Data provided.
—————
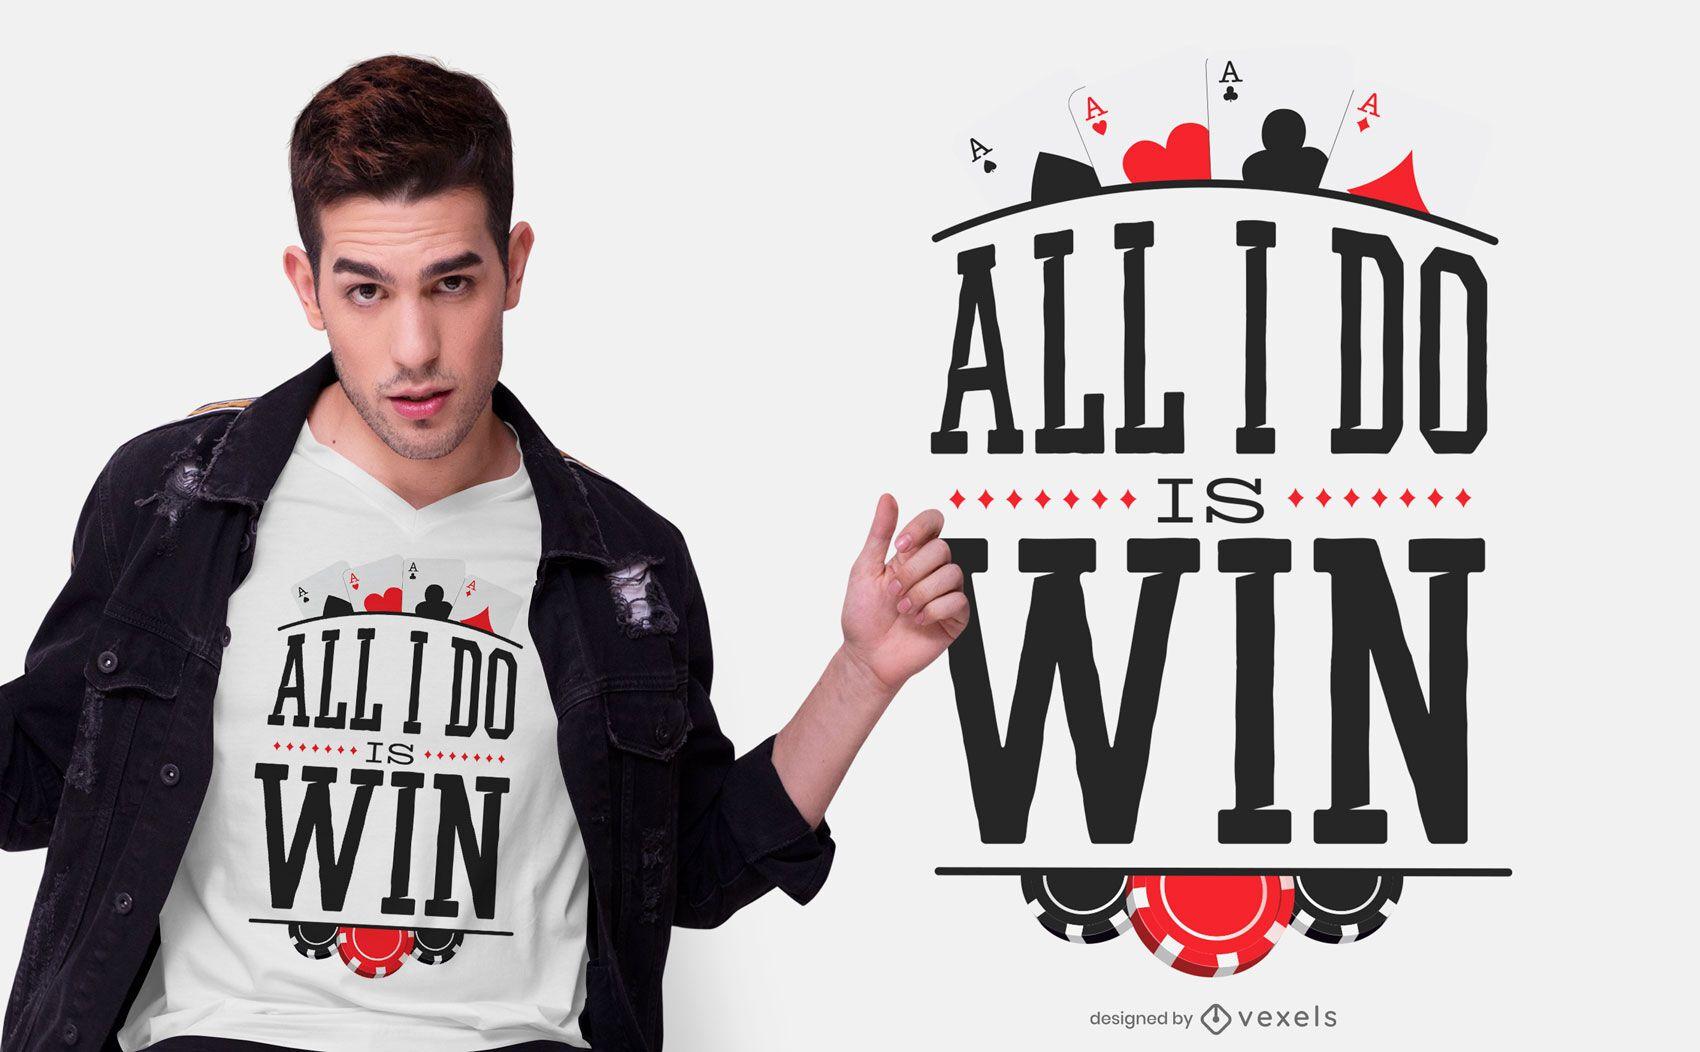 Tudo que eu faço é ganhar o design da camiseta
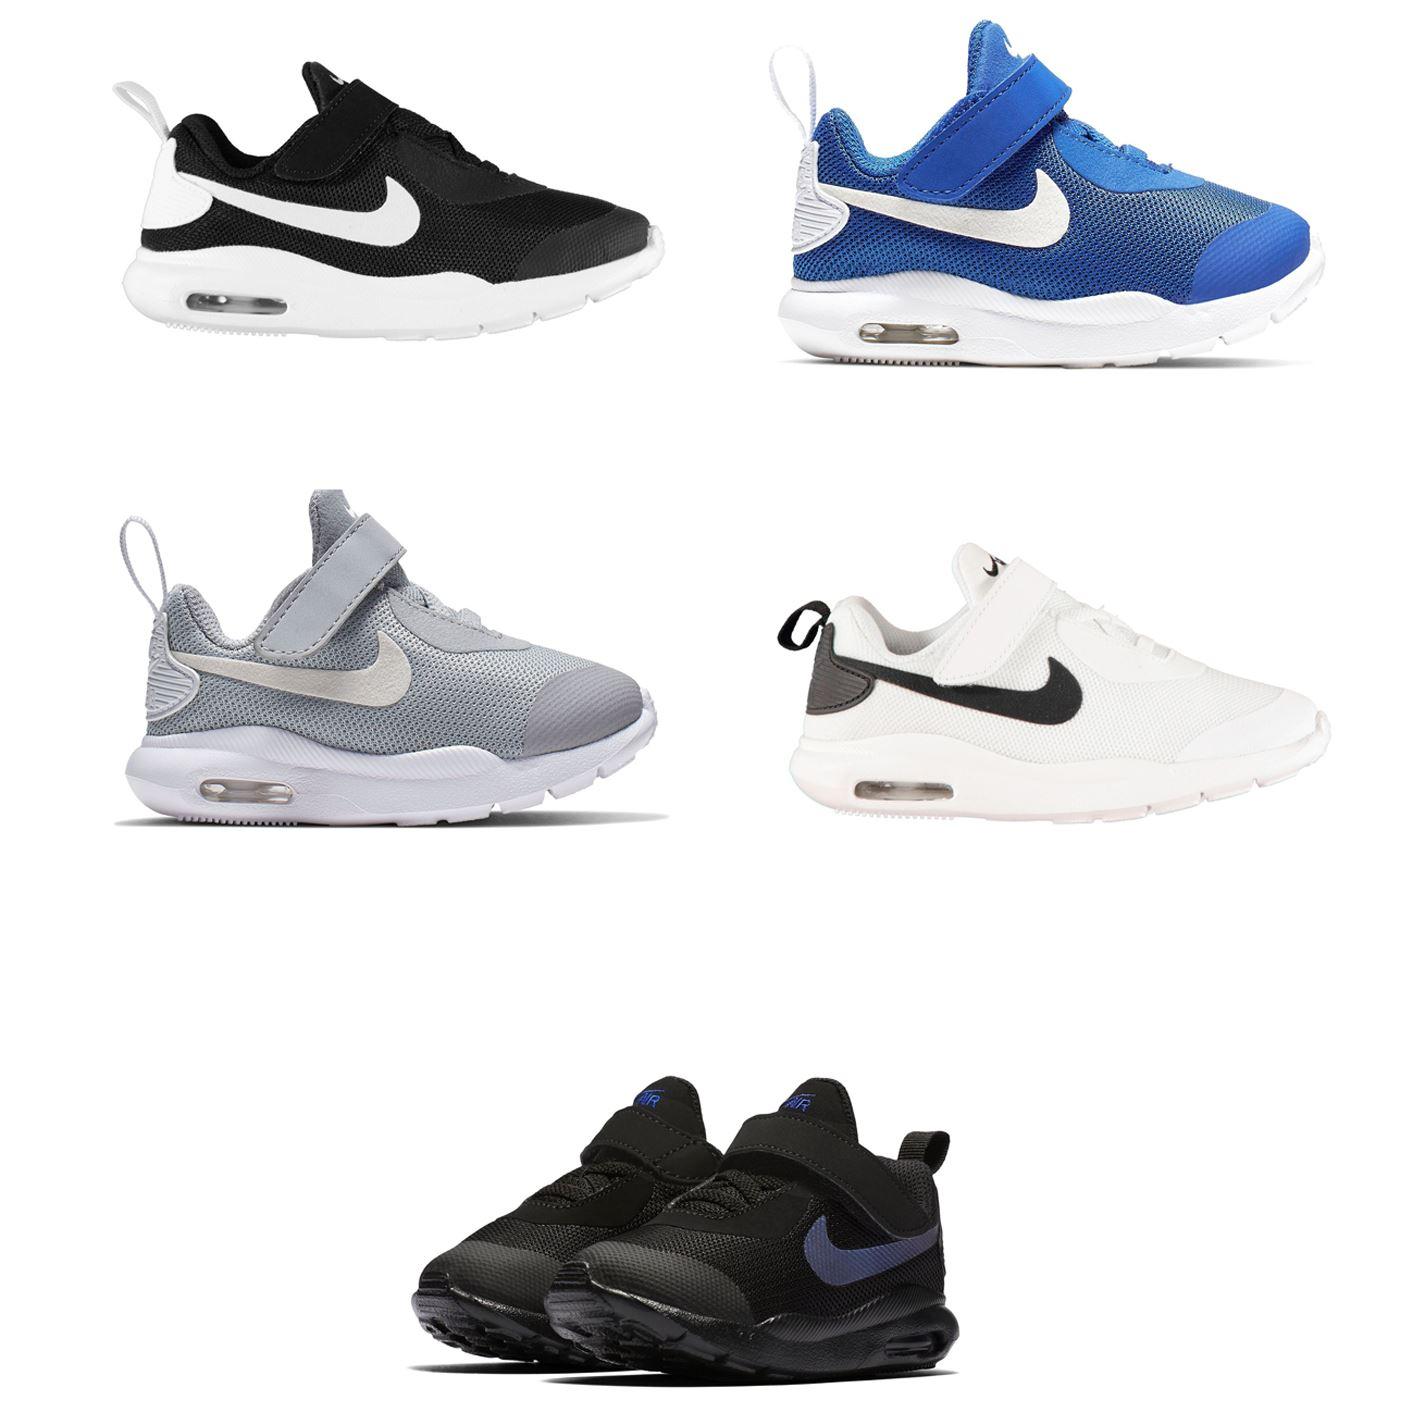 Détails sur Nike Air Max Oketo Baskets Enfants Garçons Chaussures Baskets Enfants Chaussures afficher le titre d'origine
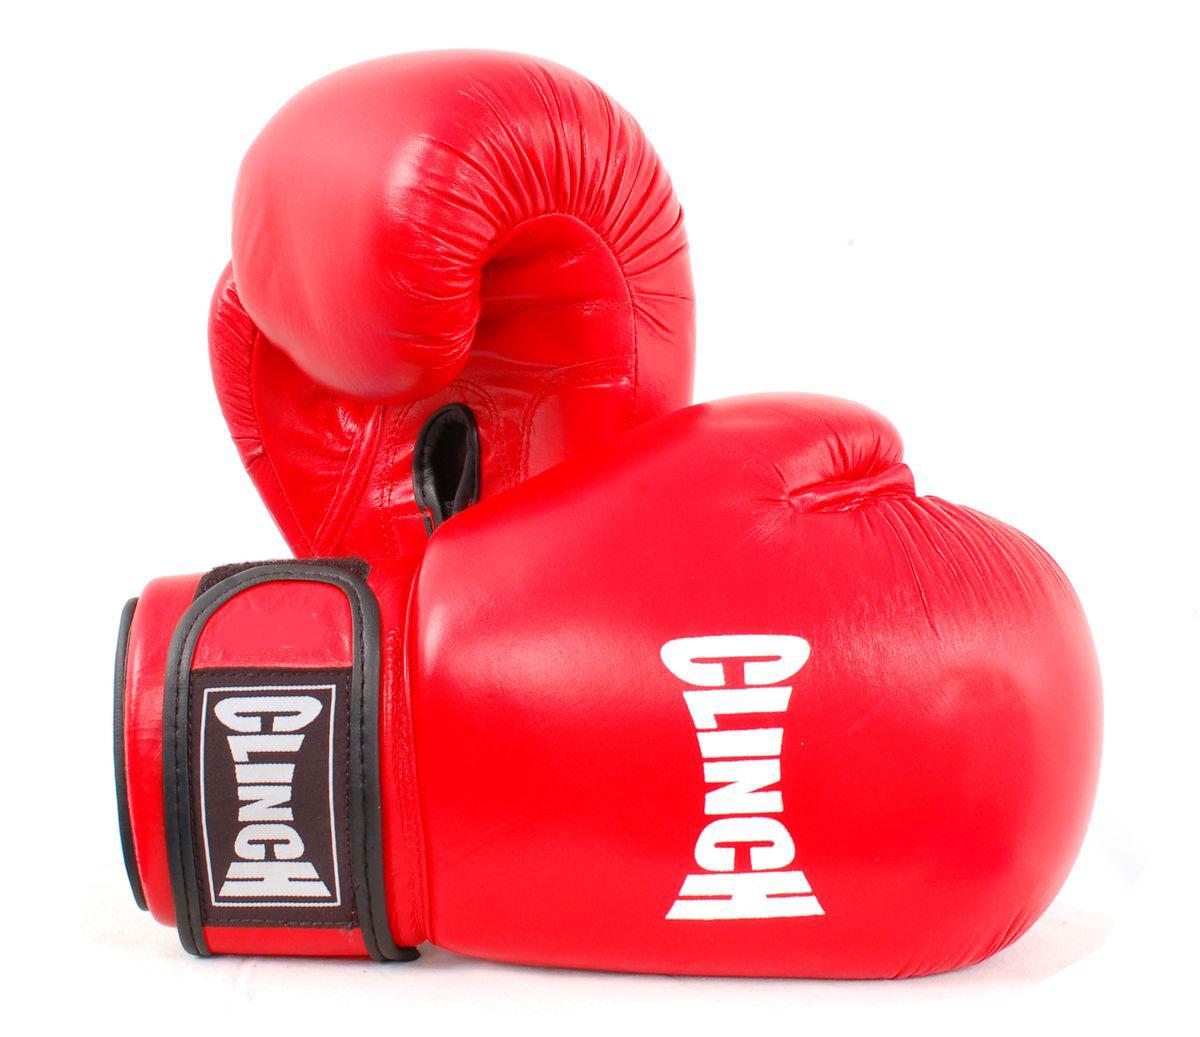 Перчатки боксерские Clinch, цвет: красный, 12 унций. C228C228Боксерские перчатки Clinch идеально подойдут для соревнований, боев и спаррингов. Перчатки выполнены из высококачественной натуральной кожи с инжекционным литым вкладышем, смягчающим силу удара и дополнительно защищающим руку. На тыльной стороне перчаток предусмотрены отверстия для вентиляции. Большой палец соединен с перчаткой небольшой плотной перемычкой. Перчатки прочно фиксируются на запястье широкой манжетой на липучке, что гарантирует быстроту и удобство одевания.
—————
The problem. Write out each line of the data above exactly, starting at the top and finishing with the line containing "Détails sur Nike"; omit the pictures.

Your response.
 Tudo que eu faço é ganhar o design da camiseta
 Détails sur Nike Air Max Oketo Baskets Enfants Garçons Chaussures Baskets Enfants Chaussures afficher le titre d'origine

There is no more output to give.